Y de su mano vinieron, sin lugar a dudas, los avances más importantes para esta democracia en construcción. Apostó como nunca nadie había hecho por las mujeres. Introdujo medidas positivas para equilibrar el espacio de poder con presencia de mujeres. Supo establecer dentro del partido una política orgánica dinámica, abierta, joven y fresca. Le dio al PSOE una vida que en muchos años había quedado marchita. A la sombra, agazapados, sus más firmes detractores: porque si alguien odiaba a Zapatero, lejos de lo que muchos pudieran pensar, no eran las derechas -que también-, sino las sombras que en su propio partido habitaban. Fueron ellos los que se encargaron de ir sembrando «bombas» (metafóricas, claro) bajo sus pies. Y quienes, desde el propio Ferraz acuñaron aquella maléfica expresión de «la herencia de Zapatero».
Uno no es profeta en su tierra. Pero no me cuesta ningún trabajo reconocerle a este señor el grandísimo trabajo que realizó como presidente y también como Secretario General de un partido que vio, en su mandato, una revolución interna apasionante. Lo sé porque la viví. Y lo sé porque fueron tiempos de Zerolo, de Aído, de Trinidad y de tantos otros a los que el tiempo hará justicia, la que no hicieron los medios de comunicación ni la memoria colectiva de momento.
Acostumbro a hablar con contundencia de lo que conozco en persona. Y todo esto lo he vivido. Sé de lo que hablo cuando señalo las luces y las sombras. Y sé muy bien que Zapatero siempre buscó el equilibrio, el diálogo, la calma para reflexionar y la escucha activa para responder.
He conocido a muy pocas personas con la valía personal que me genera José Luis. Y Carles Puigdemont es una de ellas. Reconozco en los dos líderes valores muy parecidos. El contexto y las circunstancias operan también, claro está, en sus decisiones. Pero sus «mimbres» me resultan similares.
Hay diferencias, lógicamente. Entre otras, el abandono que en mi opinión sufrió Zapatero por parte «de los suyos», y su estrategia, de perfil «bajo», y sin perder el pulso en el análisis a pesar de no estar aparentemente presente. Puigdemont, por el contrario, cuenta con un apoyo incondicional de quienes se mantienen a su lado. Aunque de traiciones, evidentemente, también sabe. Ambos son hombres de palabra, de diálogo, de justicia en mayúsculas.
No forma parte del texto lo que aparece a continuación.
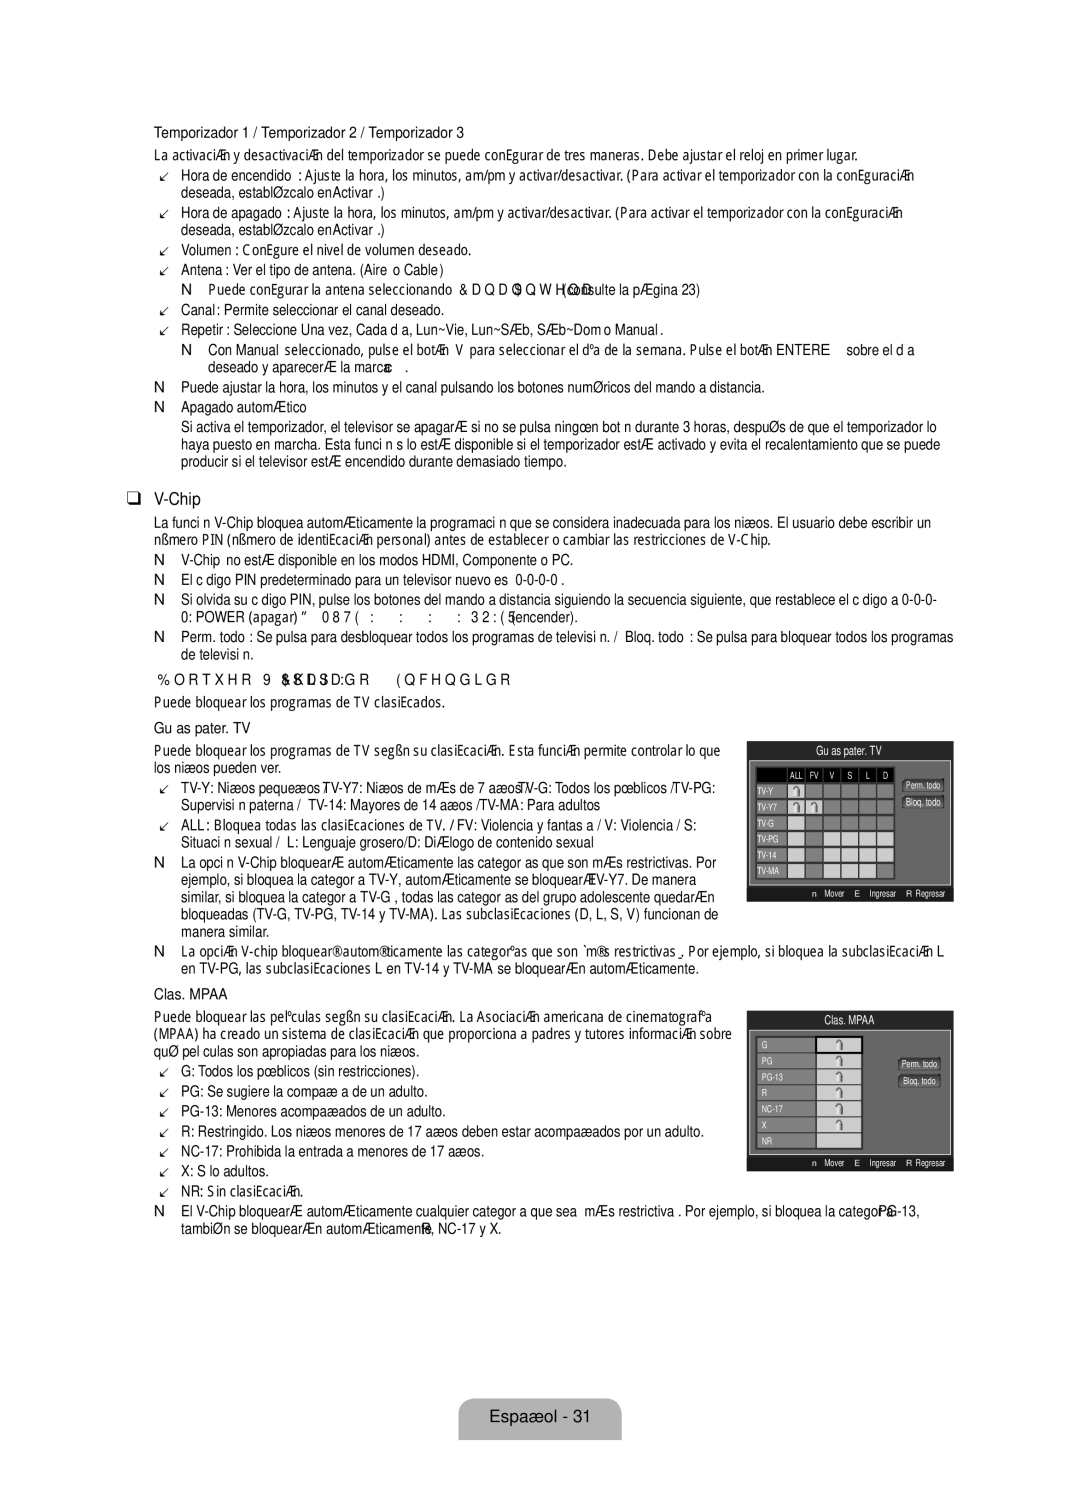 Samsung LN32B530  Temporizador 1 / Temporizador 2 / Temporizador, Apagado automático,  Guías pater. TV,  Clas. Mpaa

Los dos me parecen hombres valientes. Hombres coherentes. Hombres comprometidos con unos valores y una ética que se echa en falta desde que no están en la arena política española.
Precisamente ayer decía Zapatero en el Ateneo de Barcelona que se sentía en una «especie de deuda» al hablar del estatuto de Cataluña, de lo que sucedió con el Constitucional y de su responsabilidad como presidente del Gobierno. «Fue el Tribunal Constitucional, pero claro, yo era el presidente del Gobierno». Dijo. A mí me parece que hay que ser honesto y valiente para decirlo.
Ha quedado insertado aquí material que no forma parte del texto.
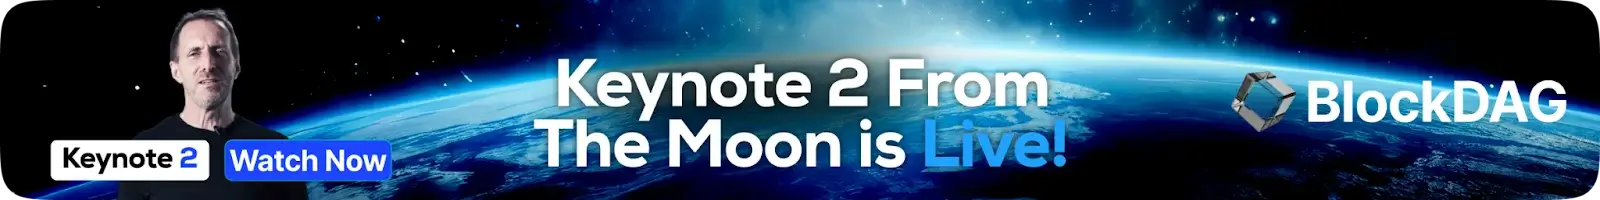 Keynote 2 desde la Luna ya está en vivo

Y apeló al necesario análisis que debe hacerse para entender por qué está pasando «lo que está pasando» en el ámbito de la justicia europea con el asunto de Puigdemont. Sus palabras, sabias, muestran que hay alguien «al otro lado». En sus apariciones públicas en estos últimos días es evidente que aparece para dar señales, aunque sean muy sutiles, en un sentido que me parece positivo de entrada.
Confieso que lo que venga de José Luis me inspira confianza, a pesar de que entiendo que haya recelos en Cataluña hacia sus palabras. Es lógico, pues no todo el mundo sabemos la cantidad de abismos a los que se asomó este hombre en su momento y las decisiones que tuvo que tomar «para evitar males mayores». Pero yo confío en que su talante y sus principios sirvan de guía para quienes tienen que resolver este conflicto.